"<…> Относительно Москвы я уже решил, что поеду. Вопрос только во времени. Я бы мог и теперь поехать, тем более, что сердце значительно лучше - только на левой ноге остался небольшой отек. Но очень уж не хочется прогадать в этом деле. Тут у меня отдельная комната и более-менее налаженное питание. И сравнительно тихая интересная работа. В Москве сейчас хорошо, но жить придется, вероятно, у друзей, и работа будет нервная - в газете и по радио - снова, конечно, буду хворать и беспокоиться. Эта сторона дела меня не очень прельщает - буду бояться, что сердце опять сдаст. Так и не удалось мне полностью починить свои нервы!
<…> Веруша! Очень уж мне не хочется заставлять тебя ждать и волноваться. Но ты должна понять, что все это далеко не просто. А для меня и подавно. Ты знаешь, с каким трудом и неохотой всегда собирался в путь. И как отказывался от поездок (даже заграничных). Так что ты поймешь, как нелегко мне сняться и поехать. Я даже подозреваю, что весной я заболел оттого, что я собрался ехать. Очень противно сознавать свои психические дефекты, но до сих пор все это держит меня. Я понимаю, что глупо, что я не поехал летом. Надо было бы преодолеть внутренние препятствия. Но признаки заболевания были слишком явные (отеки). И покуда я разобрался в этом - прошло время и возможность.

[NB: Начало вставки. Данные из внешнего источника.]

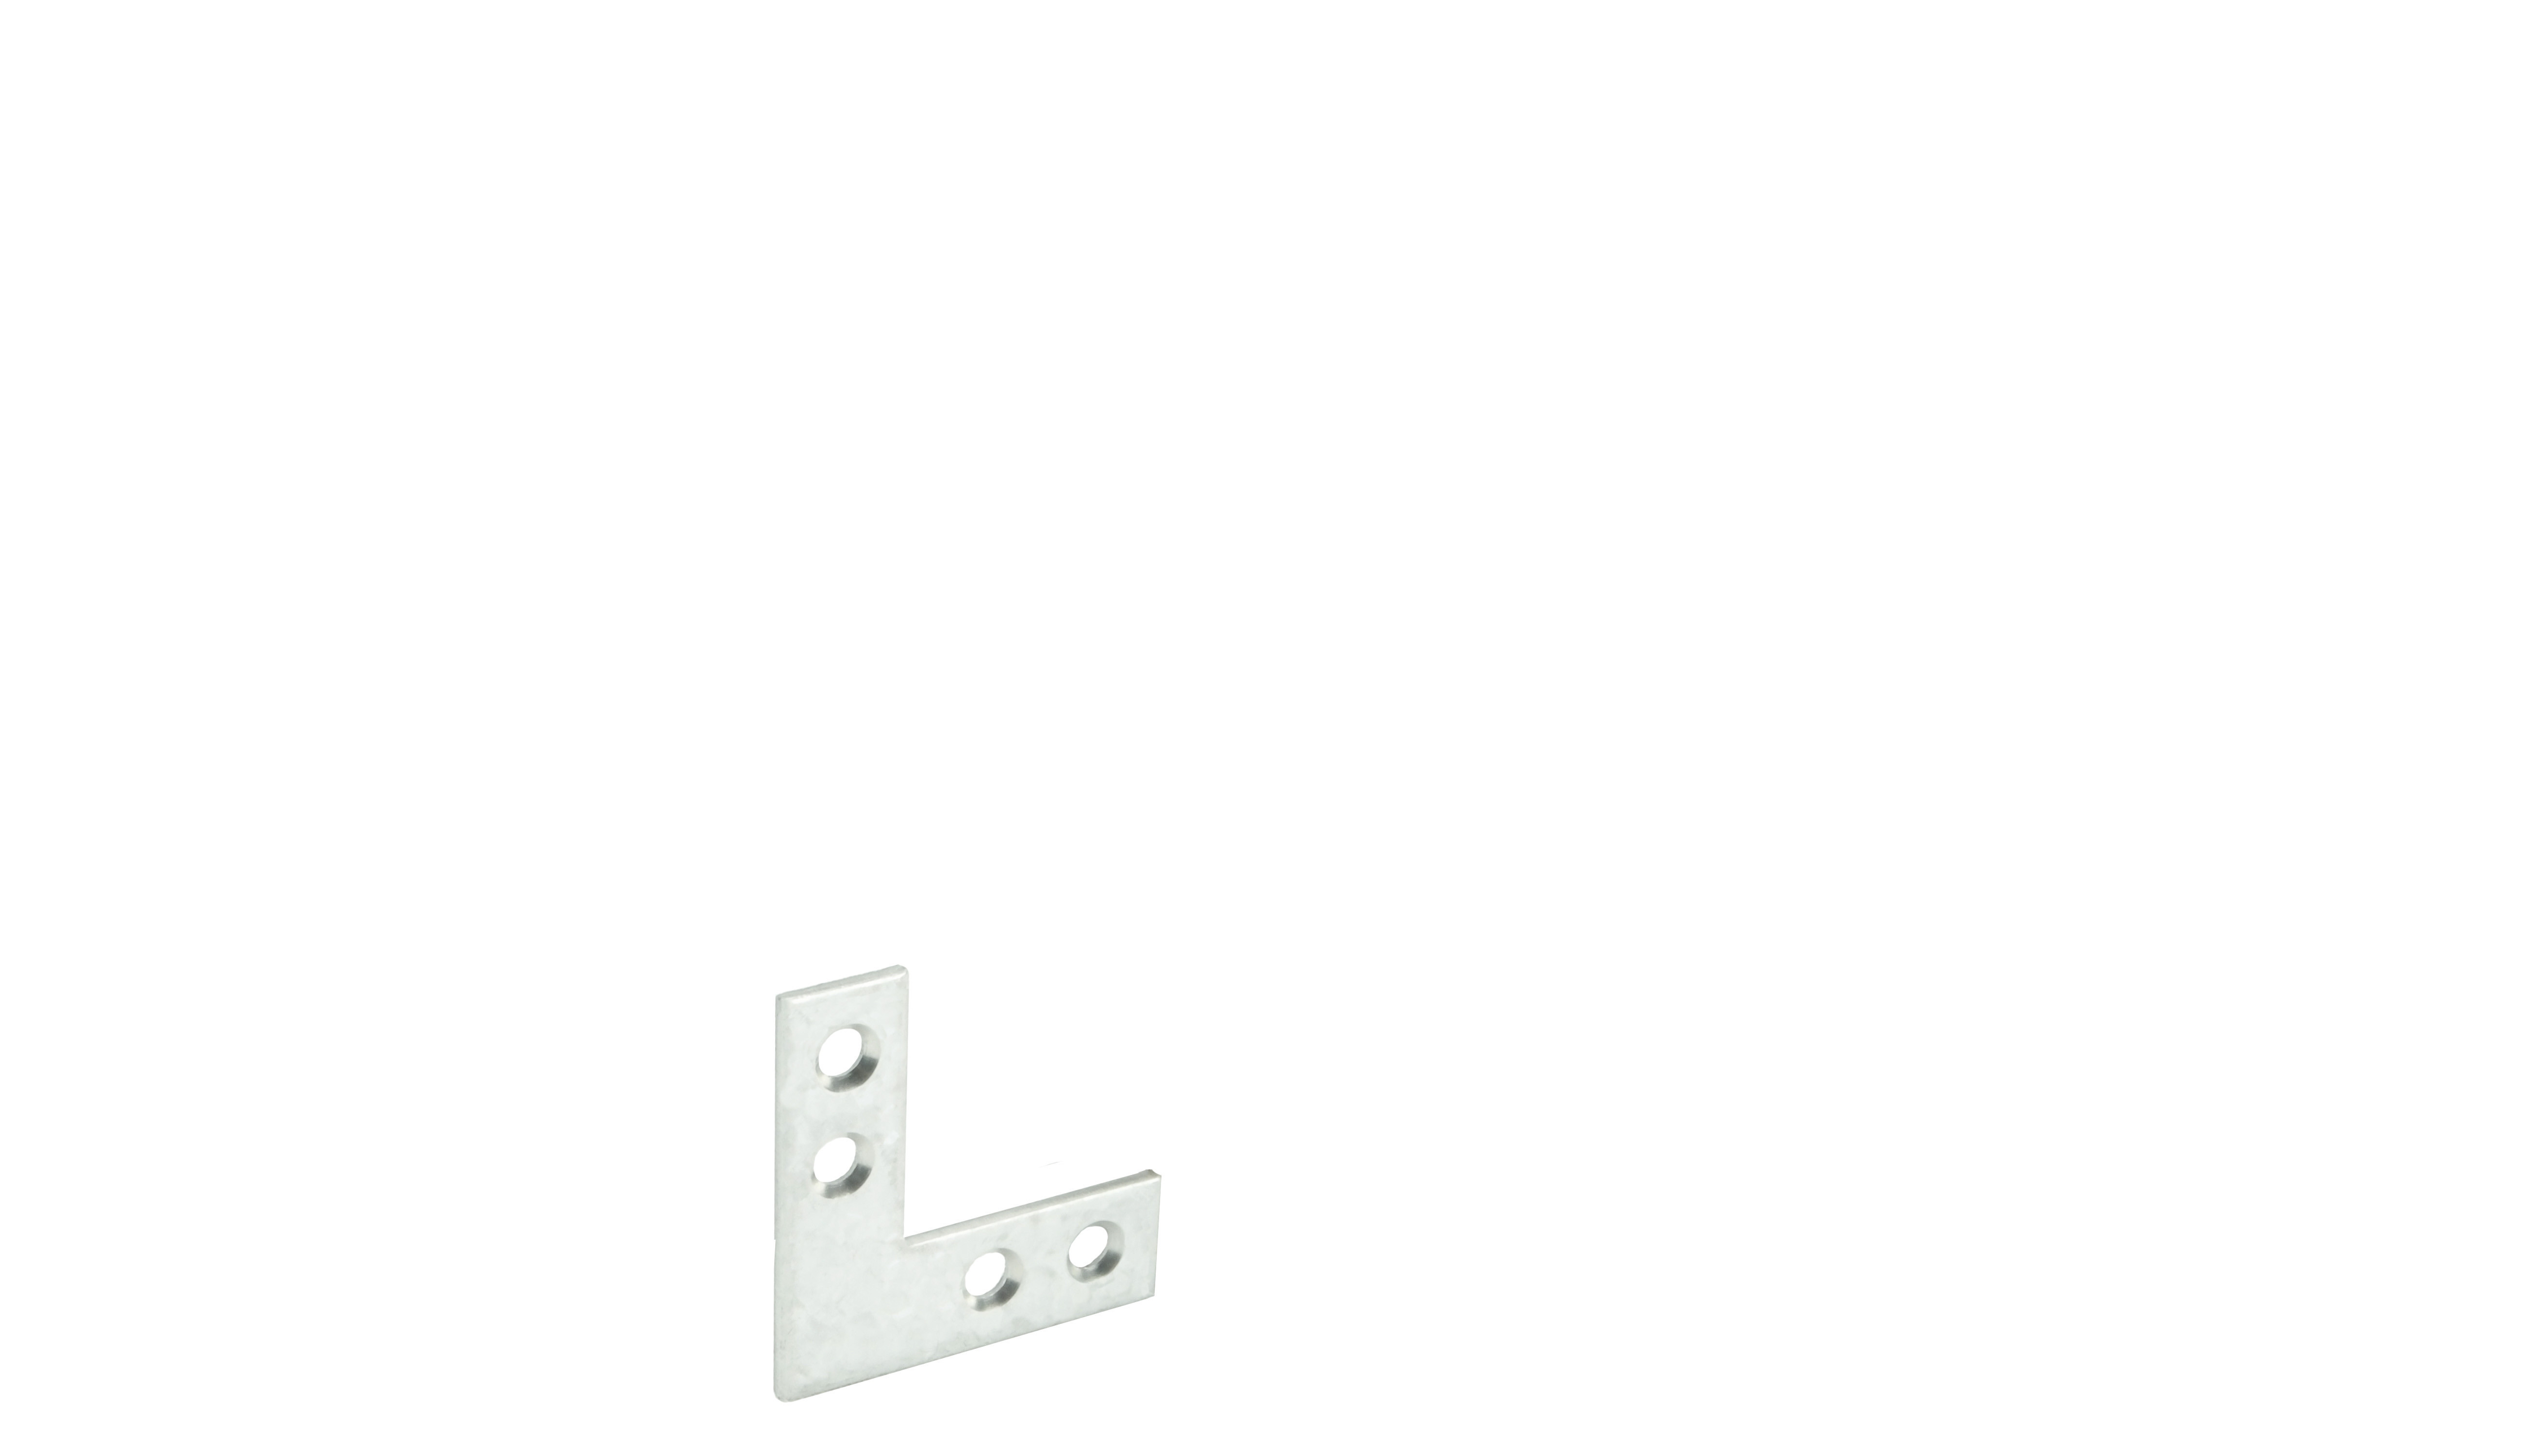 Flat corner iron flat 30x30 10x1,5 GA
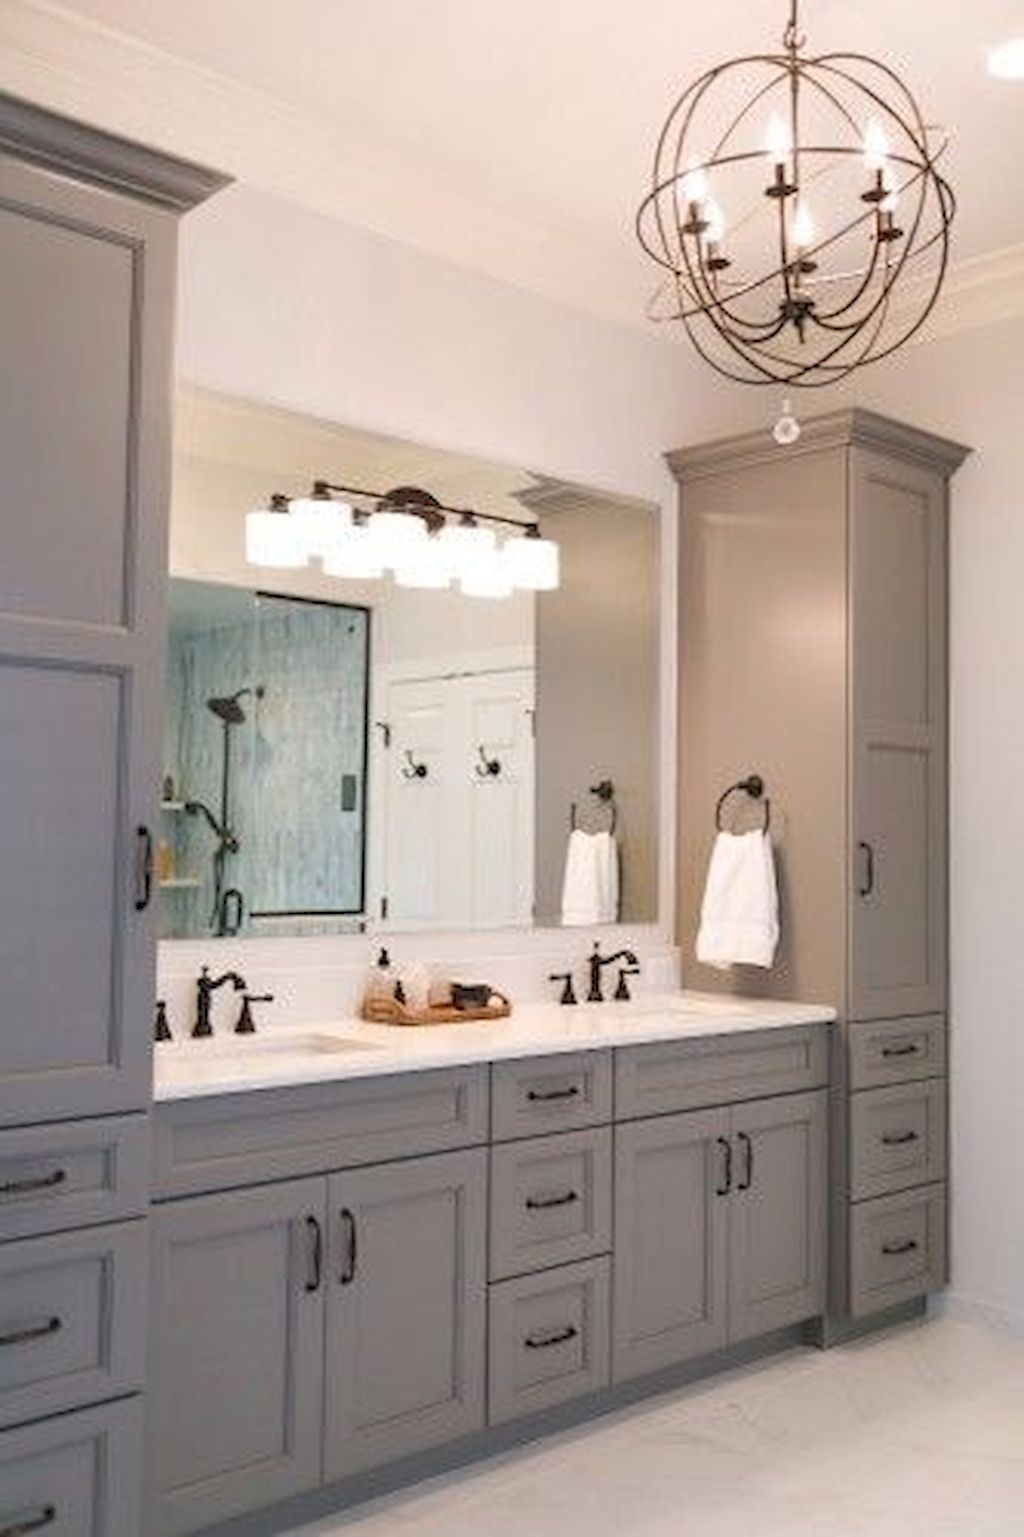 53 Farmhouse Rustic Master Bathroom Remodel Ideas Bathroom Vanity Remodel Bathroom Vanity Designs Bathroom Remodel Master

<…> Я очень соскучился по тебе и Валюше - это не слова. Все твои сомнения, что я к вам равнодушен, - неосновательны. Я сказал тебе, что мы не разойдемся с тобой, - это факт. Я никогда этого не сделаю. Но это время - слишком сложное и тяжелое. И то, что мы не вместе, - это не зависит от меня. Мне надо сделать так, чтоб это было правильно и нужно - и для здоровья, и для жизни. И для работы. По этой причине ты не делай неправильных выводов. <…>
Итак, Веруша, пока прошу тебя - не уторапливай мой отъезд. Я непременно поеду. Но надо сделать это без ошибок. Весной я понял, как легко потерять мое здоровье. Я дам телеграмму, как только решу ехать. Это, видимо, будет скоро. Не поздней февраля. Не брани меня за оттяжку. Постарайся понять, как мне все это нелегко дается. И как трудно мне во всех моих делах и психич. состояниях. Крепко целую тебя и моего дорогого Валичку. Уверен - будем вместе летом у нас в Сестрорецке.
Целую тебя.
Мих.".
В это время Чалова уже была в Алма-Ате.
По приезде в Москву, когда Зощенко ввели в редколлегию "Крокодила", когда начальство его весьма "ласкало", а все журналы "тянули к себе", просили сотрудничать, возник вариант окончательного переселения в столицу. И в июне 1943 года он посылает телеграмму Вере Владимировне: "Обещали квартиру, телеграфируй согласие переехать Москву совсем, тогда потороплю квартирный вопрос".
Вера Владимировна так писала об этой ситуации в своем дневнике:
"Конечно, на такое предложение я никак не могла согласиться - оставить навсегда свой родной город, родину мою и моих отцов и дедов, мой "Петроград" - никогда я не согласилась бы на это, о чем и сообщила ему. <…>
С конца апреля Михаил в Москве - вот уже третий месяц пошел, а о возвращении в Л. он и не думает…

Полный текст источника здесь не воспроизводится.